DNA methylation, the covalent addition of a methyl group to cytosine, is known to have critical roles in gene regulation and modifying transcription factor binding affinity. Its role in gene silencing and genomic imprinting is also well studied1,2. Genomic methylation occurs primarily on the approximately 1 billion cytosines in the genome almost exclusively in the context of cytosine-guanine dinucleotides (mC, CG) for most cell types1. DNA methylation is correlated to gene expression3,4 and reflects cellular identity5. DNA methylation has also been linked to neurodevelopmental disorders in the human frontal cortex6. Notably, methylation also occurs at non-CG dinucleotides and is referred to as CH methylation (mCH, H = adenosine, thymine, or cytosine). This is occurs at high levels in embryonic stem cells and mature neurons, though at different trinucleotide patterns, namely CAG for stem cells and CAC for neurons1,7. In mature neurons the amount of mCH exceeds that of mCG during synaptogenesis, roughly four weeks after birth in mice or two years after birth in humans4,8,9. Remarkably, gene body mCH levels in neurons negatively, yet strongly, correlates with transcriptomic expression and are useful for cell type identification10. In bulk methylation profiling of cortical organoids, Luo et al. were able to capture the transition of dominant mCH from CAG to CAC during the transition from neuroepithelial cells to mature neurons, suggesting a point of methylome transition from stem-like to neuronal-like8. This provides both a model system and a key time-point for future analyses of mCH levels and their regulation11. Organoids were observed to have changes in methylome profiling from fetal cortex. These changes manifest as differential methylation across extracellular matrix genes (possibly due to the inclusion of matrigel in culture) and hypomethylation around pericentromeric regions (a previously reported phenomenon for induced pluripotent stem cells)11.

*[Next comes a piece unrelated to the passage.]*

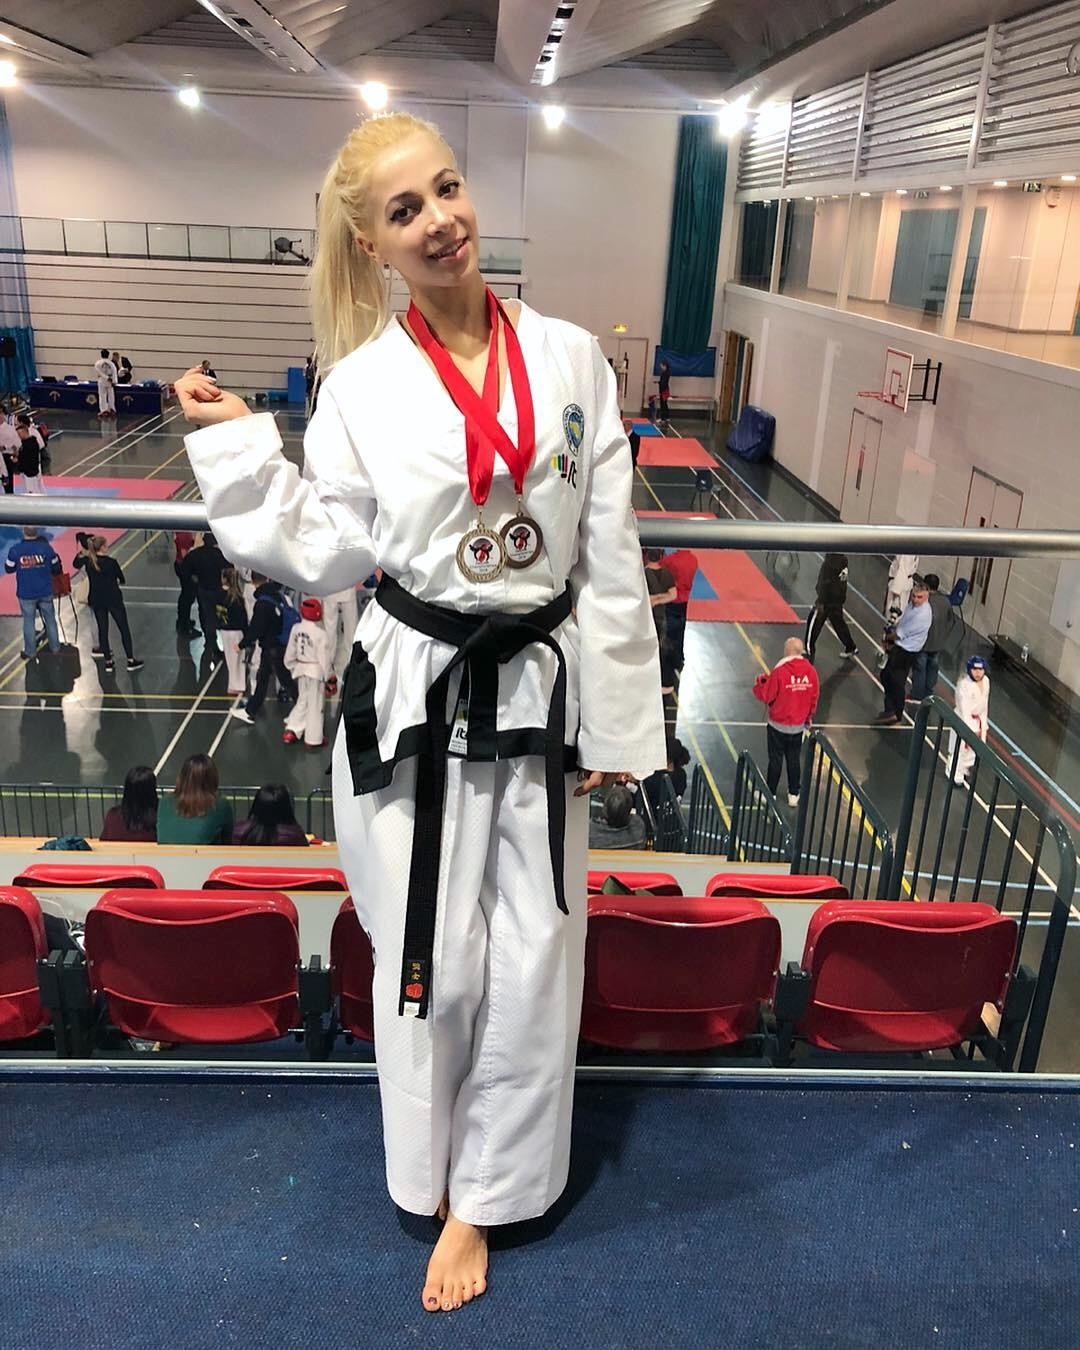 Lilly-Iaschelcic-taekwondo-fashion

In the native methylation, reduction of mC is catalyzed by the Tet family of mC hydroxylase proteins, converting the methyl- moiety to hydroxymethyl-, formyl-, and carboxyl- progressively. Hydroxymethylation (5hmC) occurs almost exclusively in the CG context and accumulates in mature neurons. In neurons, 5hmC is known to be enriched near constitutively expressed promoter regions4. To this day the role of 5hmC is understudied, likely due to the inability to distinguish mC and 5hmC by the most commonly used assay for methylation, bisulfite conversion. Two reports through alternative assays demonstrate a ratio of 5hmC to mC of 30-50% in mature excitatory neurons4,12. Alternatively, new enzymatic methods have been described in which APOBEC3A, a natively expressed deaminase induces direct cytosine deamination in an in vitro reaction13. To date, this method has not been published as a single-cell protocol, however, it does have a promising adaptation for assaying the understudied moiety 5hmC12.

Method

Methylation profiling genome-wide is achieved by the selective mutation of non-methylated cytosines. Sodium bisulfite is applied to genomic DNA which effectively deaminates non-methylated cytosine to uracil, through a three-step reaction. Importantly, uracil complements with adenine, which means subsequent library amplification will report non-methylated cytosines as thymine. Through this point mutation in the reference genome, namely thymine where cytosines were expected, methylation profiles can be inferred (bisulfite-sequencing, BS-seq)14. The first reported protocol for single-cell methylation was scRRBS (reduced representation bisulfite sequencing, Figure 12a). This method uses a methylation-insensitive restriction enzyme (MspI) to digest genomic DNA prior to bisulfite conversion. MspI is used to enrich for CG-rich regions across the genome, via its cut site (5’C|CGG). The resulting sticky ends enriched at CG-rich genome regions are then adapter ligated, DNA is bisulfite converted, and sequencing libraries are prepared15.

Figure 12

Figure 12.Methods for the generation of single-cell methylomes. a) single-cell reduced representation bisulfite sequencing (scRRBS-seq) digests purified genome DNA with restriction enzyme MspI. This enzyme cuts at a CCGG target sites, fragmenting DNA that is in CG rich regions. Y-adapters (pre-annealed i5 and i7 adapters) are then added on by ligation and the molecule is bisulfite converted. Following this, the DNA is then PCR amplified. b) Single-cell bisulfite sequencing bisulfite converts purified genomic DNA and then uses random priming for post-bisulfite adapter tagging. Prior to the second round of random priming, the reaction is incubated with exonuclease I (exoI) which digests single-stranded DNA. This removes excess primer from the reaction. Following this a second round of random priming is used to introduce the next adapter and the molecules are PCR amplified. c) Single-nucleus methylome sequencing (snmC-seq) is similar to scBS-seq but uses a blunt-end adapter tagging strategy. d) Single-cell combinatorial indexing for methylation (sci-MET) uses a C-depleted oligonucleotide loaded onto a Tn5 enzyme to tagment nucleosome depleted nuclei. Following this, cells are lysed, bisulfite converted, and a post-bisulfite adapter tagging strategy is used prior to PCR amplification.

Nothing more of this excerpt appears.